Siamo troppo lontanə dalla semplice “attenuazione” dei danni di una tecnologia che permette di stereotipare e punire le singole persone sulla base di associazioni di gruppo. Costruire una sfera digitale più inclusiva richiede un approccio di classe, cultura e genere che consenta un cambiamento sistematico, per esempio mettendo al centro le persone che sono state maggiormente emarginate e rese vulnerabili nell’ambiente digitale finora. Quello di cui abbiamo bisogno è un ripensamento complessivo delle modalità tramite cui colmare il divario tra le persone ricche e quelle povere dal punto di vista digitale, indipendentemente dal fatto che questi gruppi siano esperti di tecnologia o meno. Abbiamo bisogno di decolonizzare il concetto di mondo digitale così come esiste oggi perché, incontrastato e immutato, rimarrà un simulacro esclusivista dei reali squilibri di potere che lo hanno creato.
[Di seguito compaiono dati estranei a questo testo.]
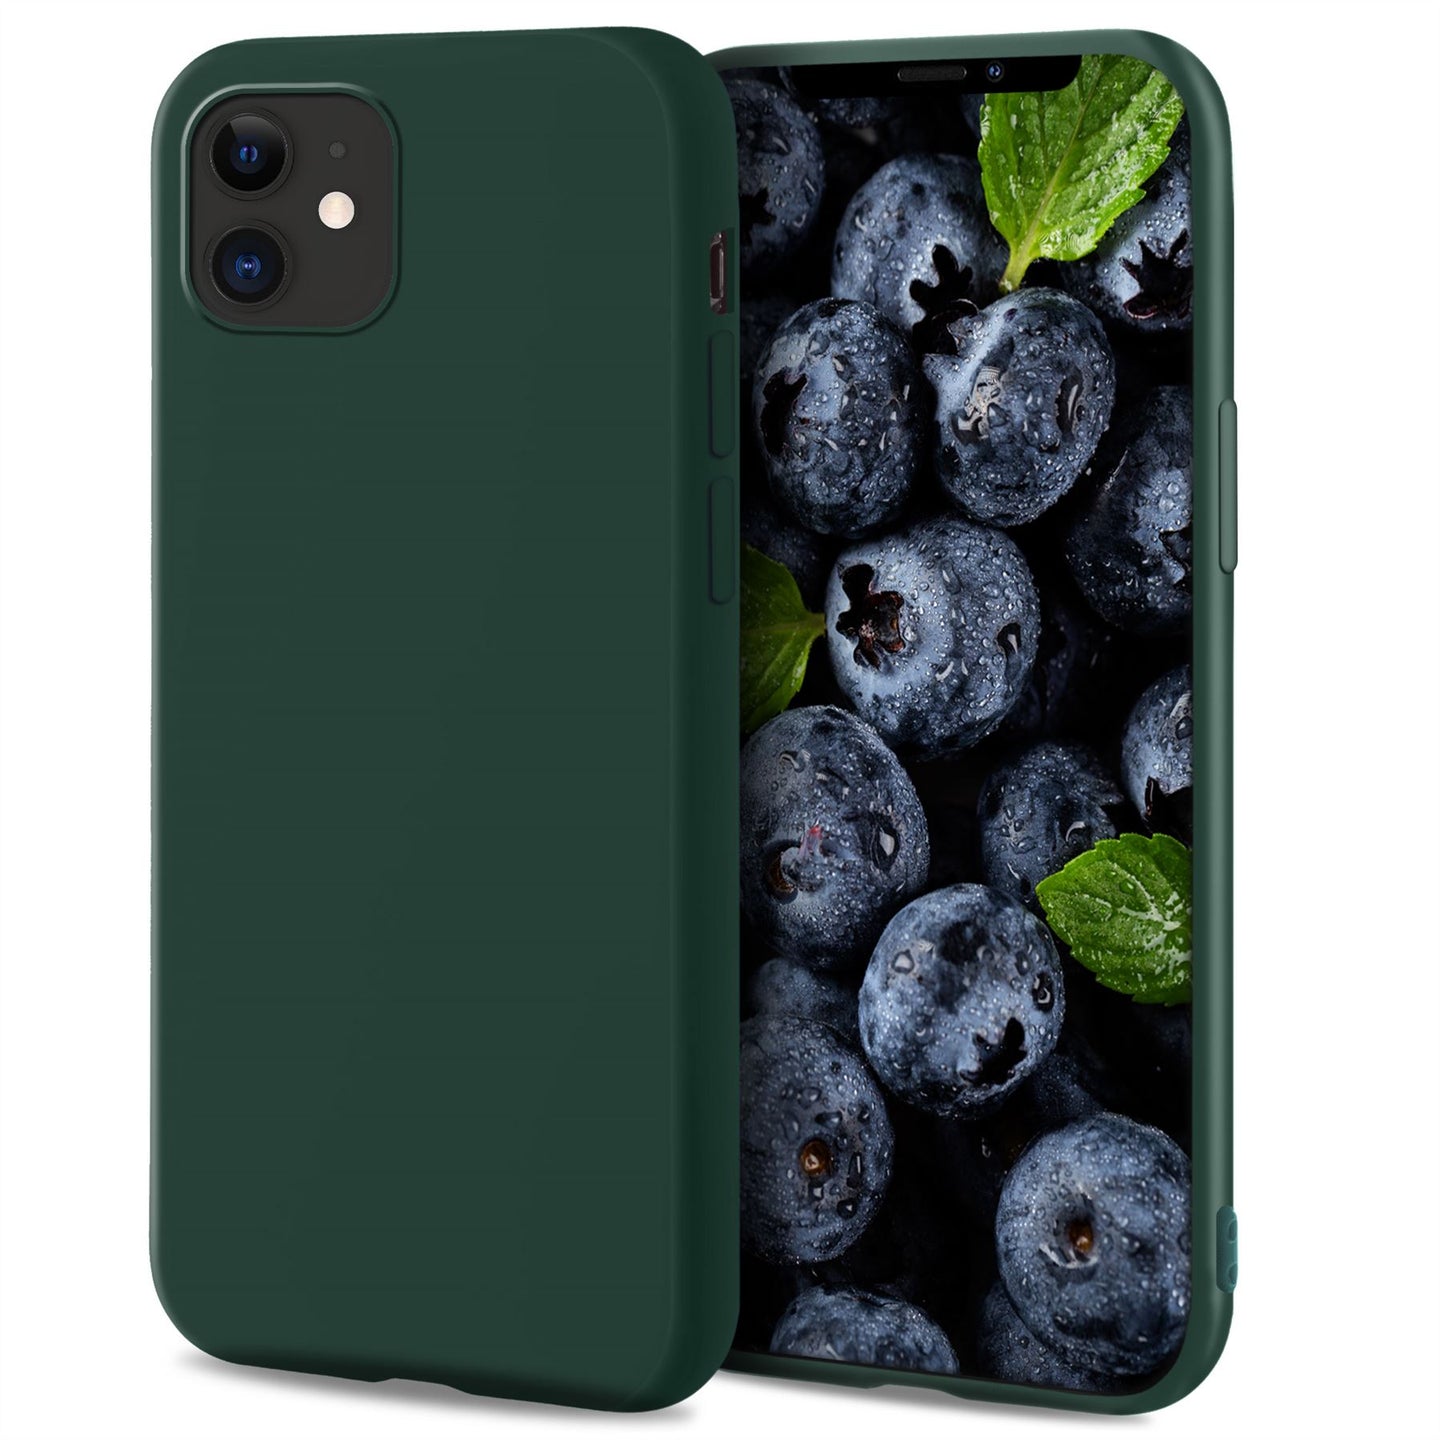 Moozy Lifestyle. Designed for iPhone 12, iPhone 12 Pro Case, Dark Green - Liquid Silicone Cover with Matte Finish and Soft Microfiber Lining

Il fatto che attualmente incorporiamo una rappresentazione razzializzata, spesso specifica in termini geografici e di genere dell’esperienza umana considerata “normale” nei prodotti e servizi digitali è il motivo per cui i prodotti digitali, come l’applicazione per la salute di Apple, una volta non consideravano le donne in fase mestruale; perché la maggior parte dei pulsiossimetri funzionano peggio sulle persone con la pelle non bianca; perché il mascheramento dello sfondo di Zoom inizialmente non funzionava se a utilizzarlo erano persone nere; e perché i “controlli di sicurezza” di Facebook relativi al contesto locale di incidenti di sicurezza non erano disponibili per kenyanə e libanesi in prossimità di bombe, ma erano disponibili per pariginə e americanə. Intenzionalmente o no, la “rappresentazione” dell’umanità da parte di sviluppatorə tecnologicə alla ricerca di “figure per test” spesso equivale a un esercizio di filtraggio. Senza un’ampia valutazione intersezionale e femminista di tali figure (e dei prodotti e servizi che ne derivano), il mondo digitale rimarrà ostile alle donne e all’emarginazione proprio come lo sono già le più grandi aziende tecnologiche.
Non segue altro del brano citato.